Prior to the 2015 amendment, practitioners answering a document request would often offer a response that looked like:

Defendant objects to this demand on the grounds that it is overbroad, unclear, vague and ambiguous, unduly burdensome and oppressive, not reasonably calculated to lead to the discovery of admissible evidence, requests information outside the defendant’s knowledge and control, and seeks information that is already in the custody and control of the plaintiff or is accessible to the plaintiff.

Subject to and without waiving the foregoing objections, defendant will produce the following documents . . . .

The foregoing response would not tell the party propounding the document request the bases for these objections nor whether the responding party was limiting its production based on its objections. Amended Rule 34(b)(2)(C) was meant to cure this confusing, or even misleading, method of responding.

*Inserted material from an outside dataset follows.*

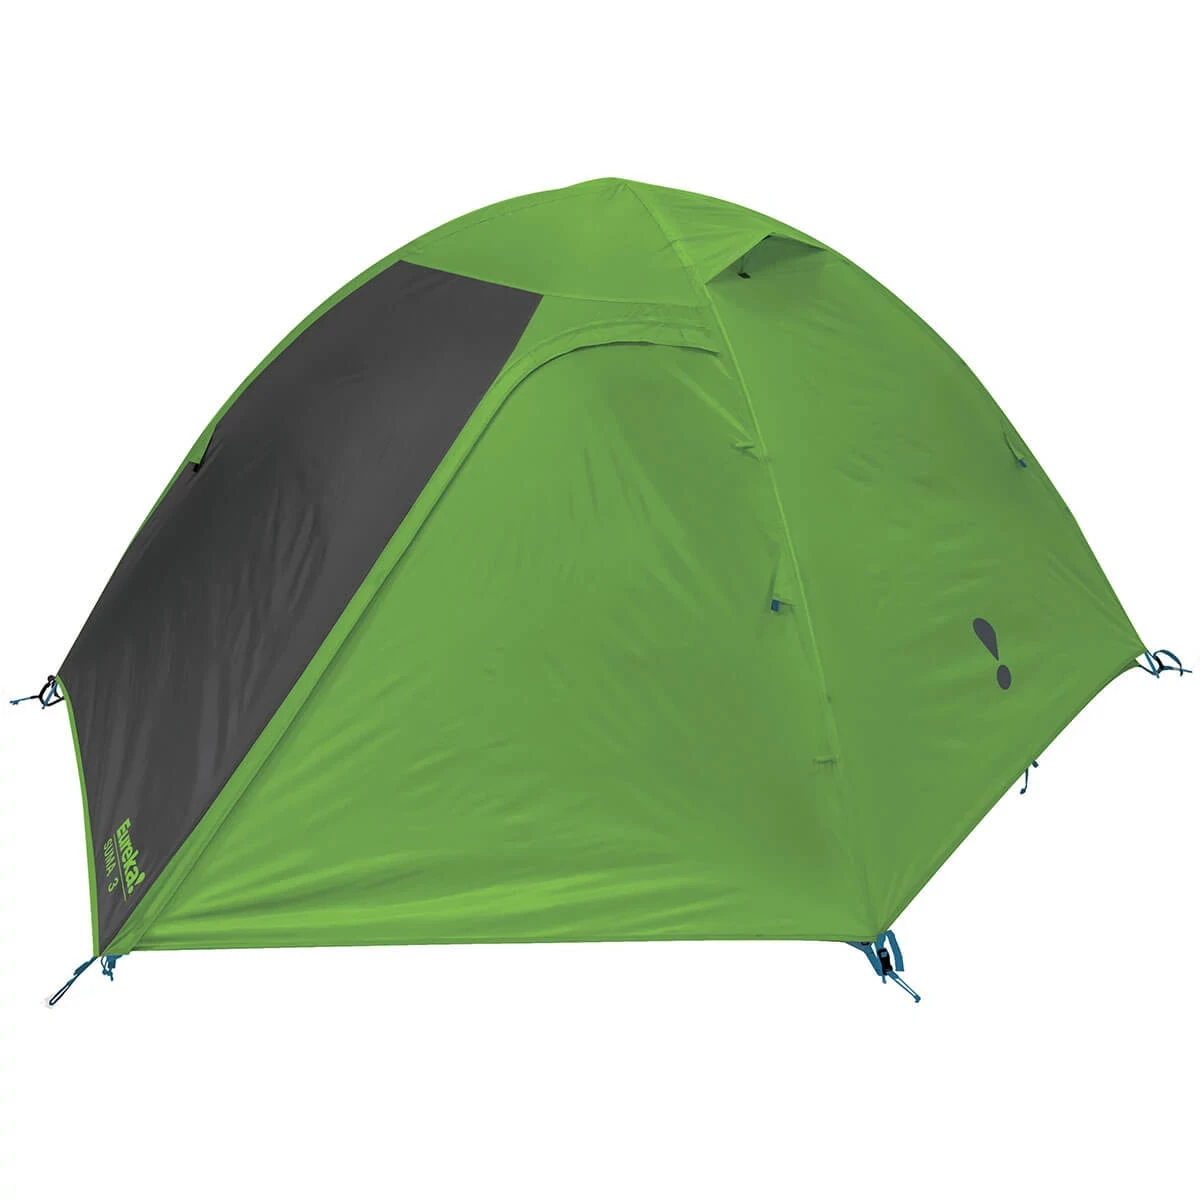 Suma 3 person tent with rainfly
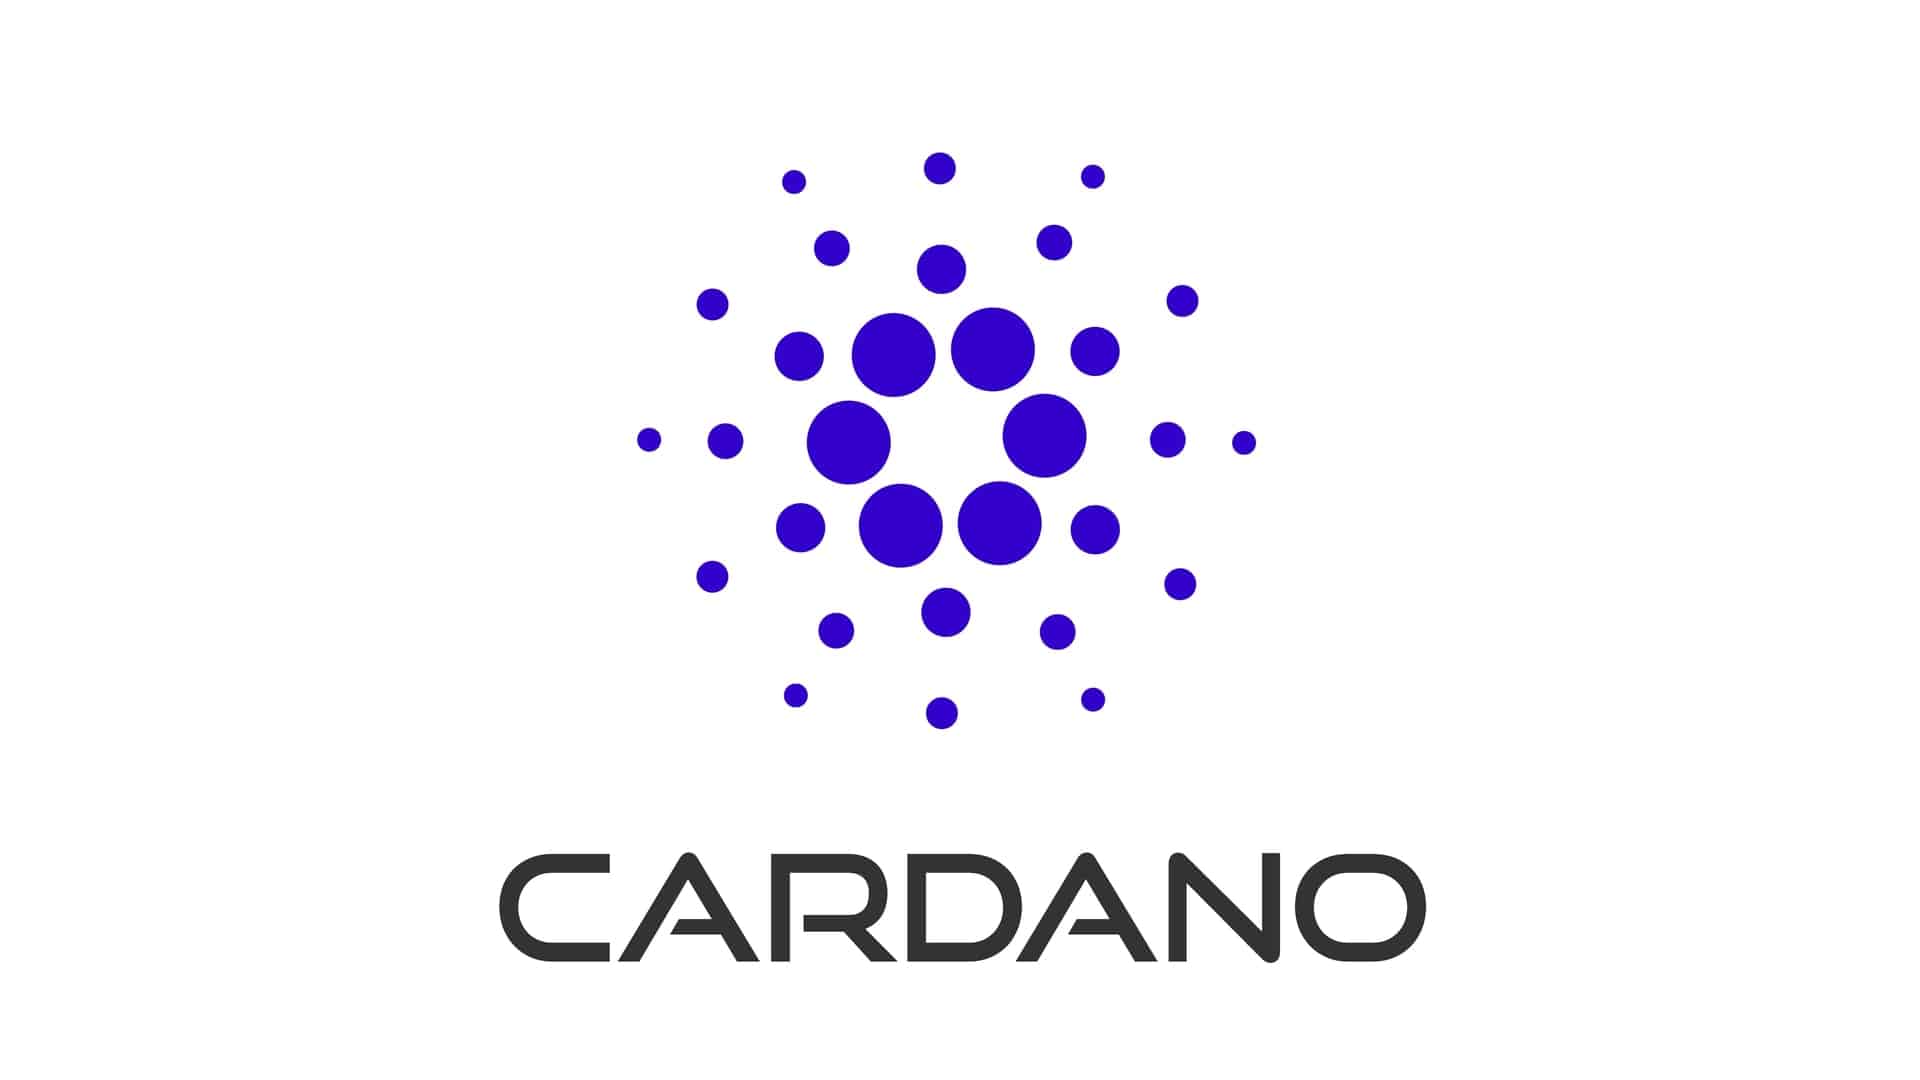 Cardano Price Fails To Reclaim $0.40: Is There More Upside?

Presumably, most attorneys have endeavored to strictly comply with Rule 34(b)(2)(B) and (C). Nevertheless, courts have routinely had to remind attorneys and their clients of their obligations under the amendment. For example, in KeyCorp v. Holland, No. 3:16-cv-1948-D, 2016 U.S. Dist. LEXIS 147926 (N.D. Tex. Oct. 26, 2016), the defendant repeatedly objected to requests for production as “vague, ambiguous, overbroad, misleading, inaccurate, based upon facts not in evidence, based upon incorrect assumption, irrelevant and not reasonably calculated to lead to the discovery of admissible evidence.” The court found not only that these “boilerplate objections” violated the 2015 amendment, but went further to hold that the defendant’s unsupported objections resulted in waiver of the objections.

Similarly, in Williams v. Gyrus ACMI, LP, No. 5:14-cv-00805 BLF (HRL), 2016 U.S. Dist. LEXIS 166124 (N.D. Cal. Dec. 1, 2016), the court found that while the defendant could not be compelled “to produce what does not exist,” the defendant’s response ran afoul of the 2015 amendment because it did not specifically state whether certain documents were being withheld. Accordingly, the court ordered the defendant to submit supplemental responses.

Further, in Asphalt Paving Sys. v. Gen. Combustion Corp., No. 6:15-cv-49-Orl-41TBS, 2016 U.S. Dist. LEXIS 74014, at *5 (M.D. Fla. June 7, 2016), the court overruled a defendant’s objections because the defendant had failed to explain specifically how the discovery requests were “irrelevant, overbroad, vague, unduly burdensome, or otherwise objectionable.” The court also found that the defendant had not stated whether it was withholding documents on the basis of its objections in violation of Rule 34(b)(2)(C). Pursuant to Rule 37(a)(5)(A) and (d)(3), the court awarded the plaintiff reasonable legal expenses, including attorneys’ fees, to prosecute the motion to compel.

One example of how attorneys may respond with Rules 34(b)(2)(B) and (C) in mind is set forth below:

Response: Plaintiff will produce the call details of her cellular phone number for the time period of year preceding the call she received from Defendant on April 1, 2016 up to and including the present.

To the extent Defendant seeks additional documents, Plaintiff objects to this request on the basis that the request seeks discovery exceeding the scope of Rule 26(b)(1) because: (a) the definition of “you” is overbroad in that it includes Plaintiff’s attorneys and, thereby, seeks documents which are protecting by attorney-client privilege; (b) calls details of Plaintiff’s landline are not relevant to whether Defendant made calls to her cellular telephone in violation of 47 U.S.C. § 227(b)(1)(A)(iii); and (c) obtaining call records for each phone number, including non-cellular numbers, for the past 10 years is not proportional to the needs of the case based the issues at stake in this litigation, Plaintiff’s resources, the importance of the non-cellular records for the past 10 years, unlikely benefit of the documents when measured against the burden to Plaintiff to produce them.

Plaintiff has therefore limited its production to the above-stated documents.

Practitioners should heed the clear mandate of the 2015 amended Rules and be aware of the possibility for paying the propounding party’s attorneys’ fees on a motion to compel if they fail to meet their obligations.